They then A/B tested both variations on a small subset of new and existing members while measuring retention and engagement in both variations. The result: retention in the variation increased by 20 to 55 basis points, and engagement grew by 30 to 140 basis points.

The data clearly told the designers that new and existing members preferred the variation to the original. Netflix counted it as a success and rolled the new “density” interface out to 100% of its users in June 2011.

“If [the results hadn’t been] positive, we wouldn’t have rolled it out,” Gumm said in an interview.

Netflix measured engagement and retention again in the rollout as a gut-check. Sure enough, the results of the second test concurred with the first: users watched more movies and TV shows with the new interface.

Then the comment backlash started. However, as far as Netflix is concerned, the metrics tell the absolute truth. The vocal minority made up a small fraction of the user base and they voiced an opinion that went against all the data Netflix had about the experience.

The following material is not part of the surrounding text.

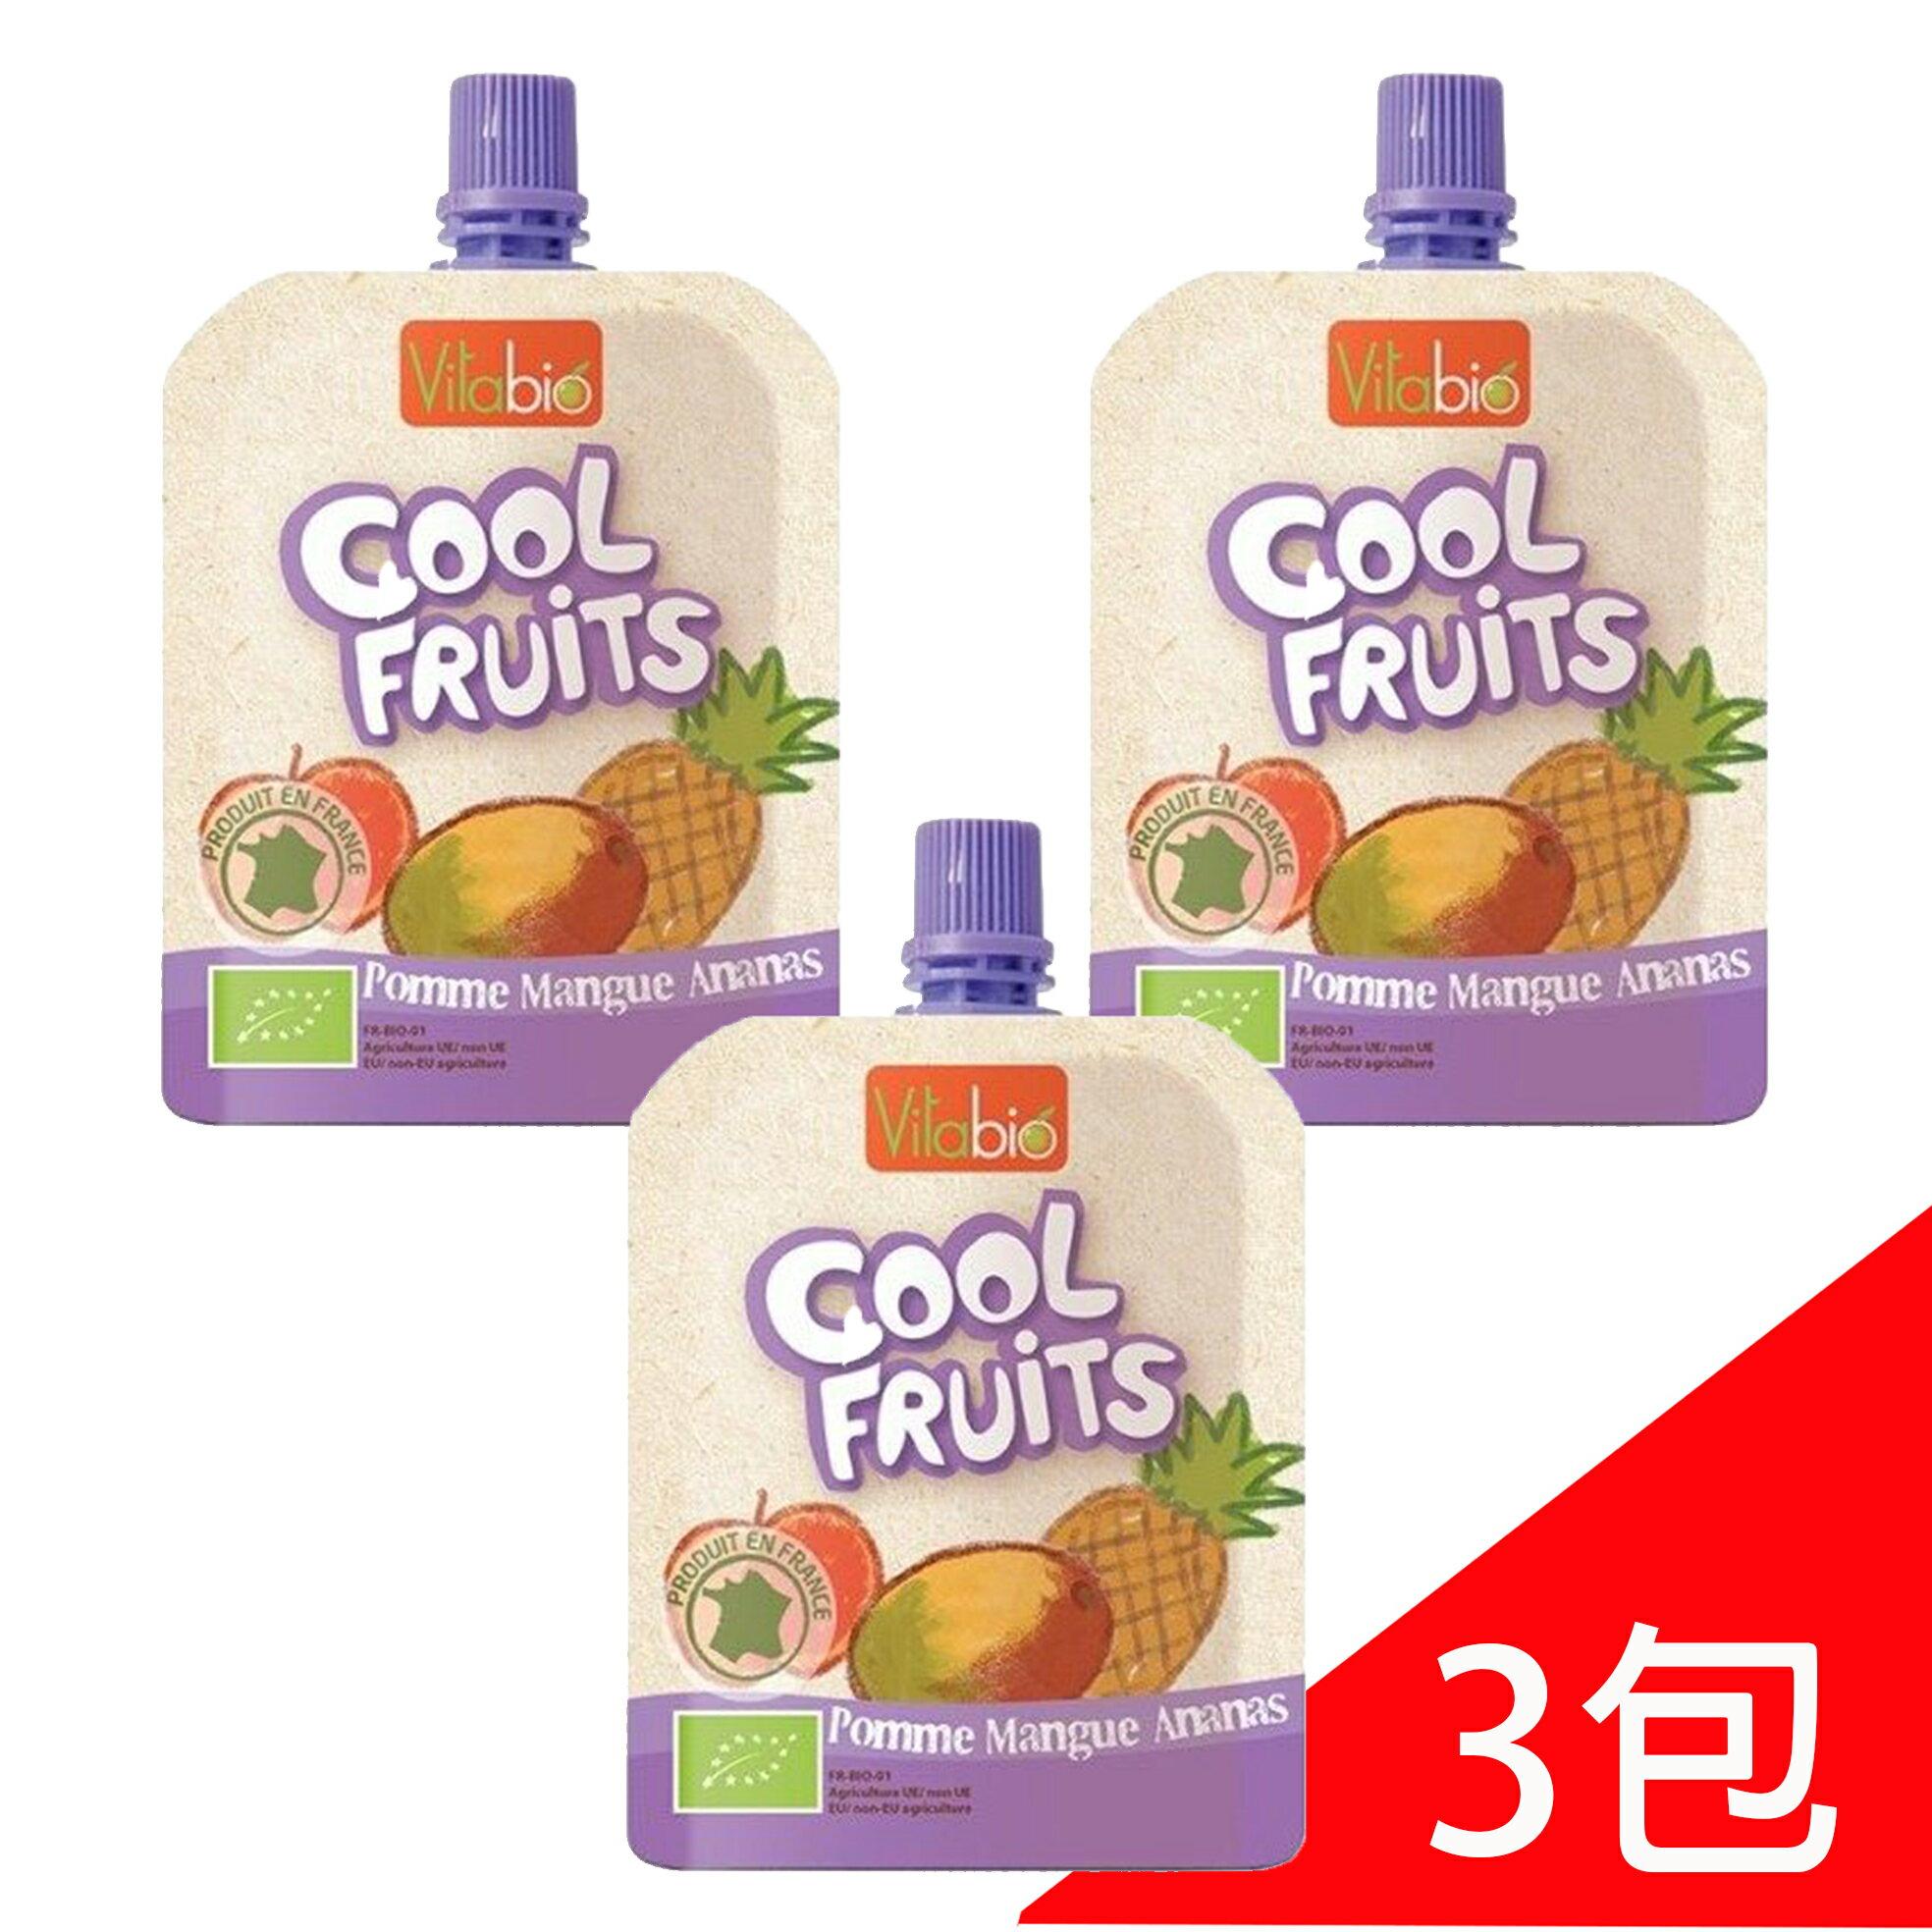 VITABIO 有機優鮮果-蘋果、芒果、鳳梨90g(12個月以上)  3包『121婦嬰用品館』

“We were looking at the metrics and people were watching more, they liked it better, and they were more engaged in the service,” Gumm said. “[Both the tests] proved it.”

Gumm also made the following very important point: “What people say and what they do are rarely the same. We’re not going to tailor the product experience, just like we’re not going to have 80 million different engineering paths, just to please half a percent of the people. It’s just not worth the support required.”

Despite the few loud, unhappy customers that may emerge, Gumm said that the most critical thing to remember is the data: “I think it’s really important in an A/B testing organization, or any data-driven organization, to just hold true to the philosophy that the data is what matters.”